I've always dreamed of having a silver male standard poodle. However, I'll probably most likely save the next space for a puppymill mama. I like the idea of being able to be a soft place to land for a dog that's been through hell.


----------



## Jen D

I would have to go with the dog with no manors, and can't get adopted out.


----------



## makesthesignoftheZ

GreyhoundGirl said:


> Poor thing...


I have been checking the rescue site that has him and it now says........

Adoption Pending!  

I am so happy that this sweet older golden will have a forever home for his remaining years-


----------



## GreyhoundGirl

Did the adoption go through? We need an update!


----------



## Westie_Lover

I would adopt this westie named Bailey but she's in California, and even though I
live in Utah, it's still pretty far away!!
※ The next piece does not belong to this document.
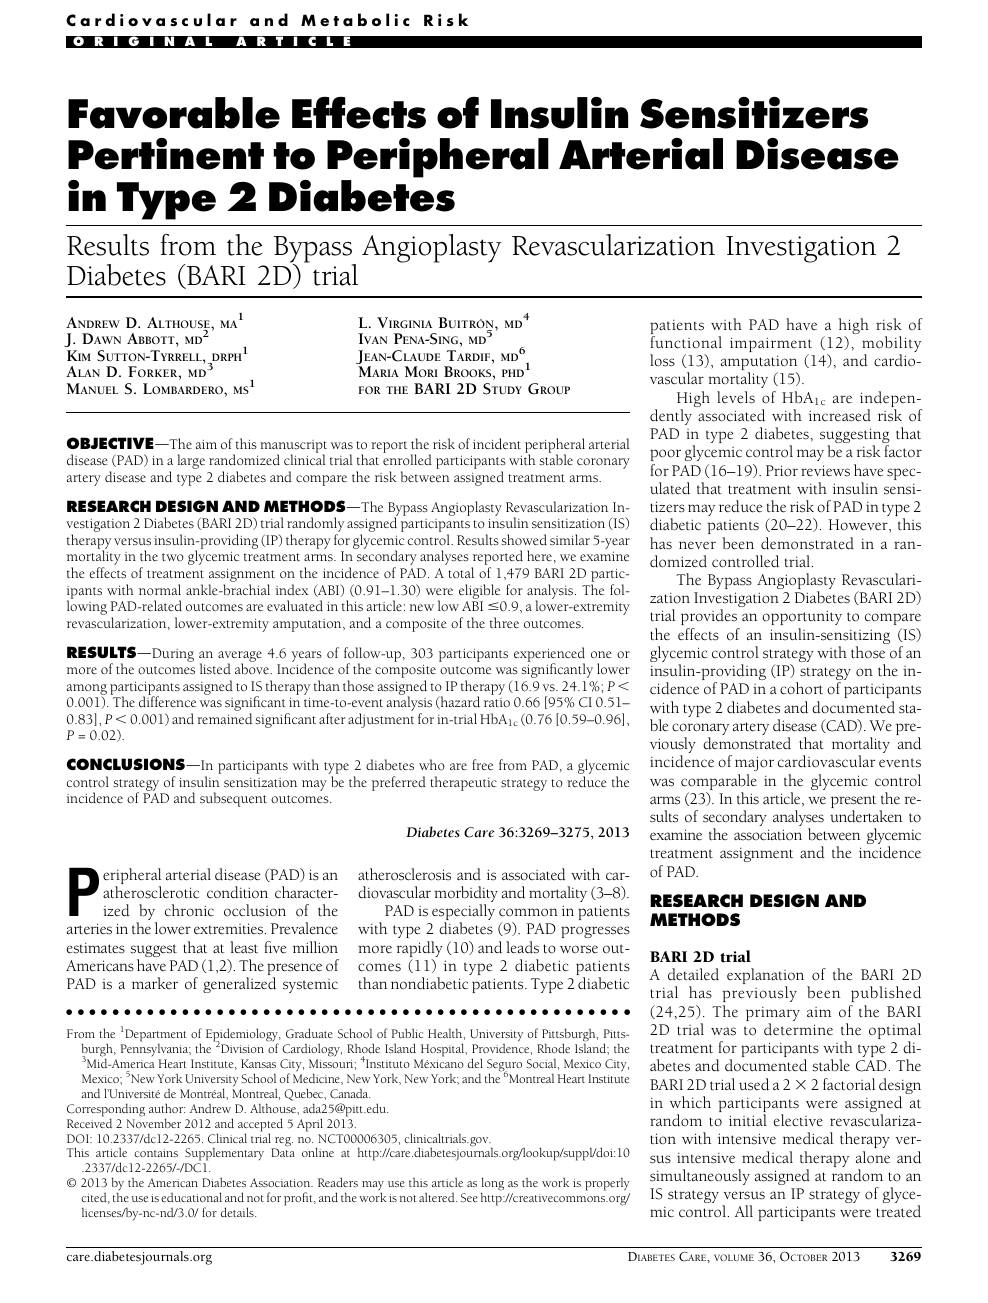 Favorable Effects Of Insulin Sensitizers Pertinent To Peripheral Arterial Disease In Type 2 Diabetes Results From The Bypass Angioplasty Revascularization Investigation 2 Diabetes Bari 2d Trial Topic Of Research Paper In
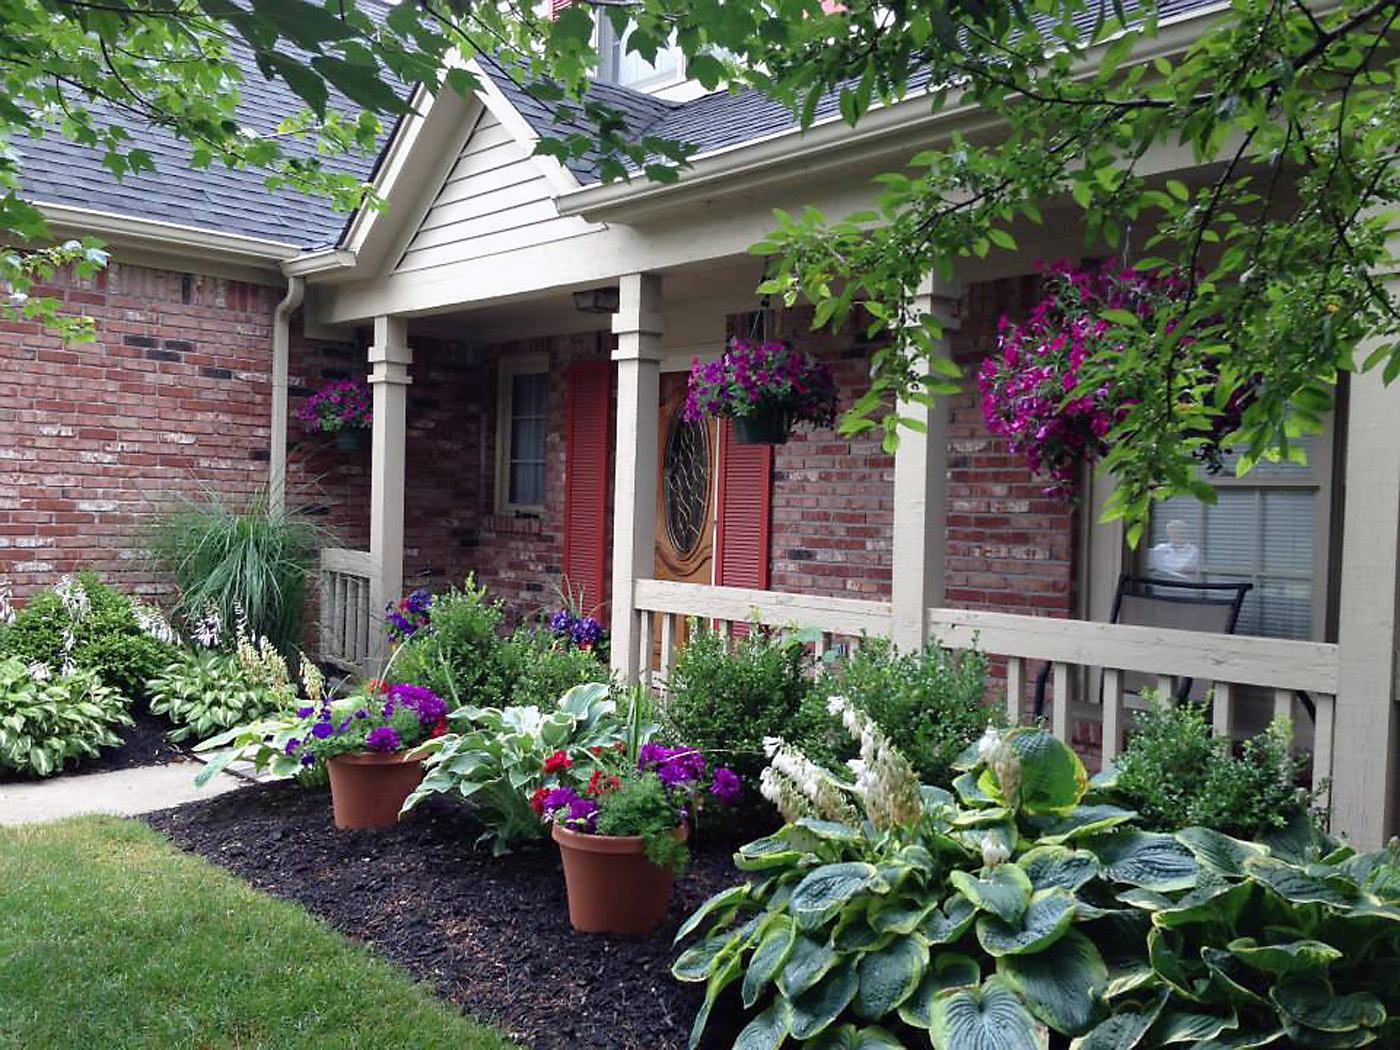 Mark and Brenda Jordan of 14601 Beacon Blvd. won the “Best Front Porch” category during last year’s floral competition, which had purple as its dominant color. (Submitted photo)

http://www.westierescueca.com/adoptable.htm
It is the younger one...


----------



## ebony923

My next dog is either going to be a Saint Bernard or a Newfoundland and while I was just wasting time on petfinder I found these adourable Newfys. I wish I could take them home  

http://search.petfinder.com/petnote/displaypet.cgi?petid=7971552

and like it says they have to be adopted out together so here's the other sweetie. 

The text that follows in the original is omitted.